Trudeau says new cabinet to be sworn in on Nov. 20, vows to work with opposition

Trudeau says he has no plans to establish any sort of formal coalition

Prime Minister Justin Trudeau addresses the media during a press conference at the National Press Theatre in Ottawa on Wednesday, Oct. 23, 2019. (Adrian Wyld / THE CANADIAN PRESS)

Prime Minister Justin Trudeau addresses the media during a press conference at the National Press Theatre in Ottawa on Wednesday, Oct. 23, 2019. (Adrian Wyld / THE CANADIAN PRESS)

Prime Minister Justin Trudeau says he will unveil his new cabinet on Nov. 20 and is vowing to work with opposition parties — his first public comments since election night, when voters handed the Liberals a minority mandate.

However, Trudeau says he has no plans to establish any sort of formal coalition.

He is promising to make his cabinet gender-balanced, just as it was in 2015 when he first assumed office.

Trudeau is also vowing to find a way to ensure that Alberta and Saskatchewan have a voice in cabinet after the Liberals didn’t earn a seat in either province.

He says he has already spoken with Alberta Premier Jason Kenney and Saskatchewan Premier Scott Moe, as well as other western politicians like Calgary Mayor Naheed Nenshi, to get the region’s issues in front of the government and bridge any political divides.

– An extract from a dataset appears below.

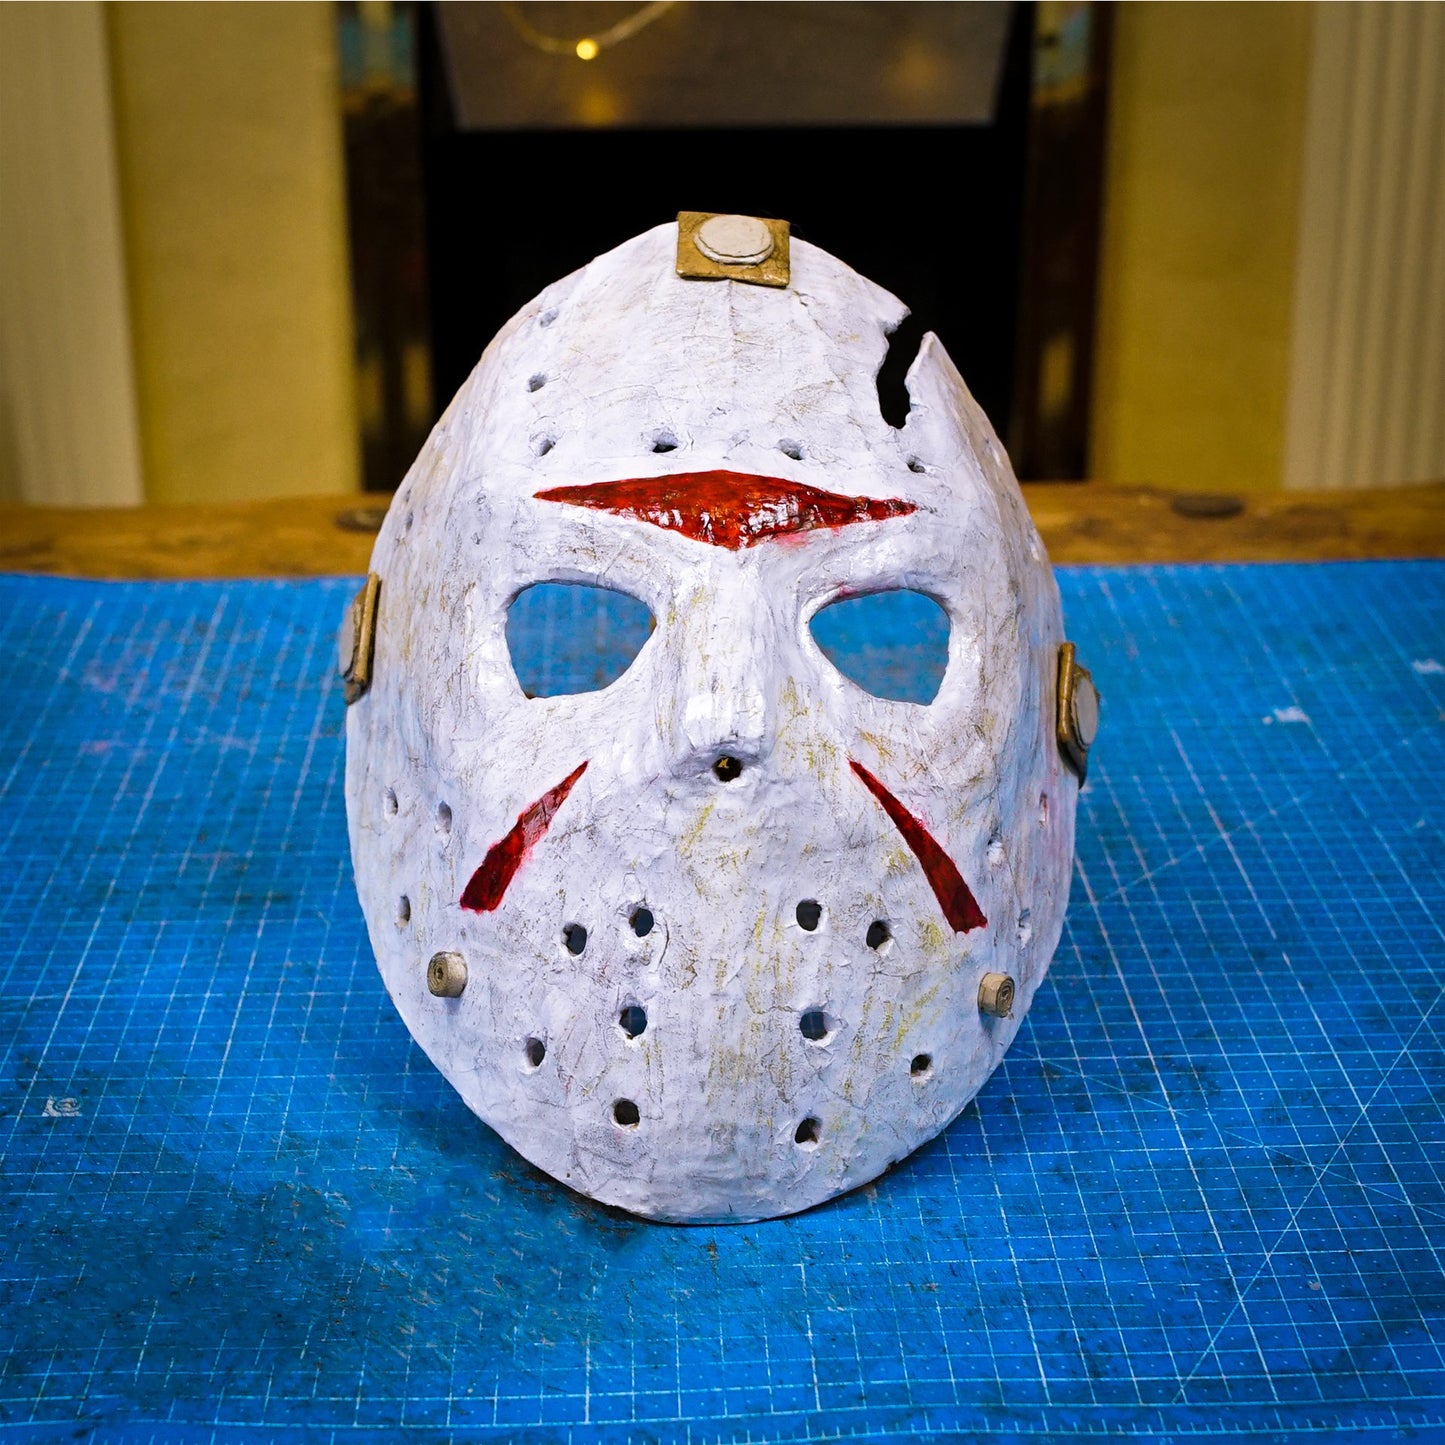 Jason Voorhees Mask for cardboard DIY – Epic Cardboard Props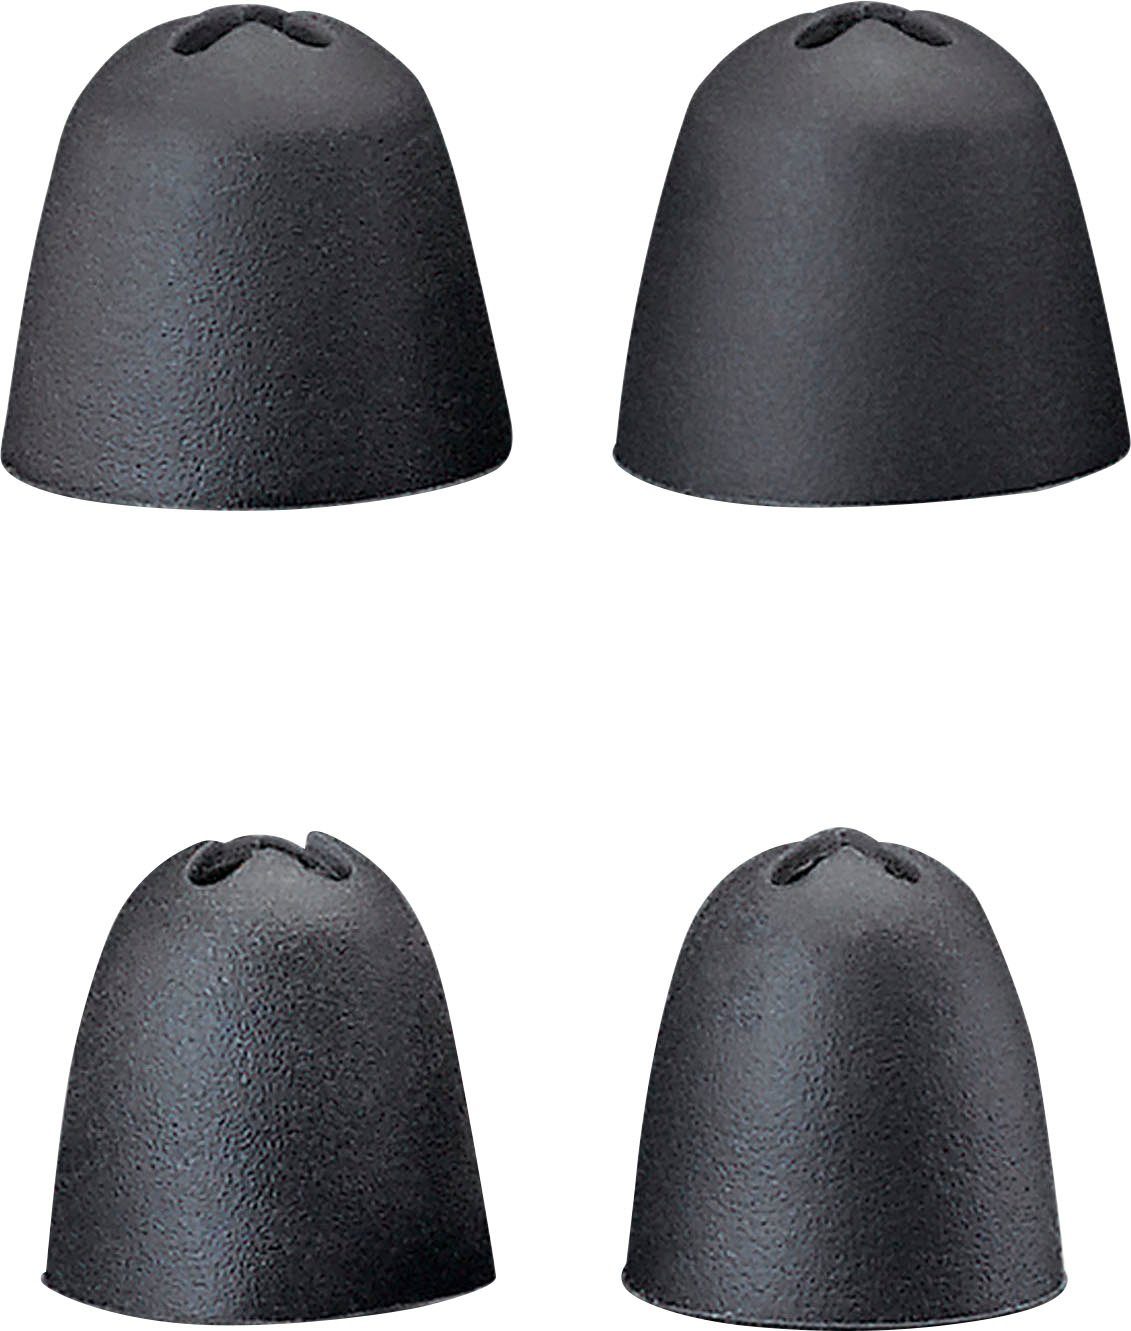 Gehörverstärker-Kopfhörer HPW-400BK Lenco Kopfhörer Kabellose

READ MORE: Trudeau must keep promise to support the West, Kenney and Moe say

Trudeau is also vowing to forge ahead with the Trans Mountain pipeline project, saying that it is in the national interest — even if it is opposed by New Democrat and Green MPs, whose support he is going to need to implement the government’s agenda.

Reflecting on Monday’s vote, Trudeau says Canadians gave him a lot to think about, and that he will take the time necessary to reflect on how to work with the other parties.

Conservative Leader Andrew Scheer has put the onus on Trudeau to work with the provinces and opposition parties over the coming months, while NDP Leader Jagmeet Singh has said he wants Trudeau to address his party’s key priorities in exchange for New Democrat support.

Trudeau says Canadians have sent a clear message to the House of Commons that they want new MPs to work together in Parliament to address climate change and the cost of living.

The prime minister says one of his re-elected government’s first acts will be to introduce a bill to reduce taxes for the middle class, which the Liberals promised in their election platform.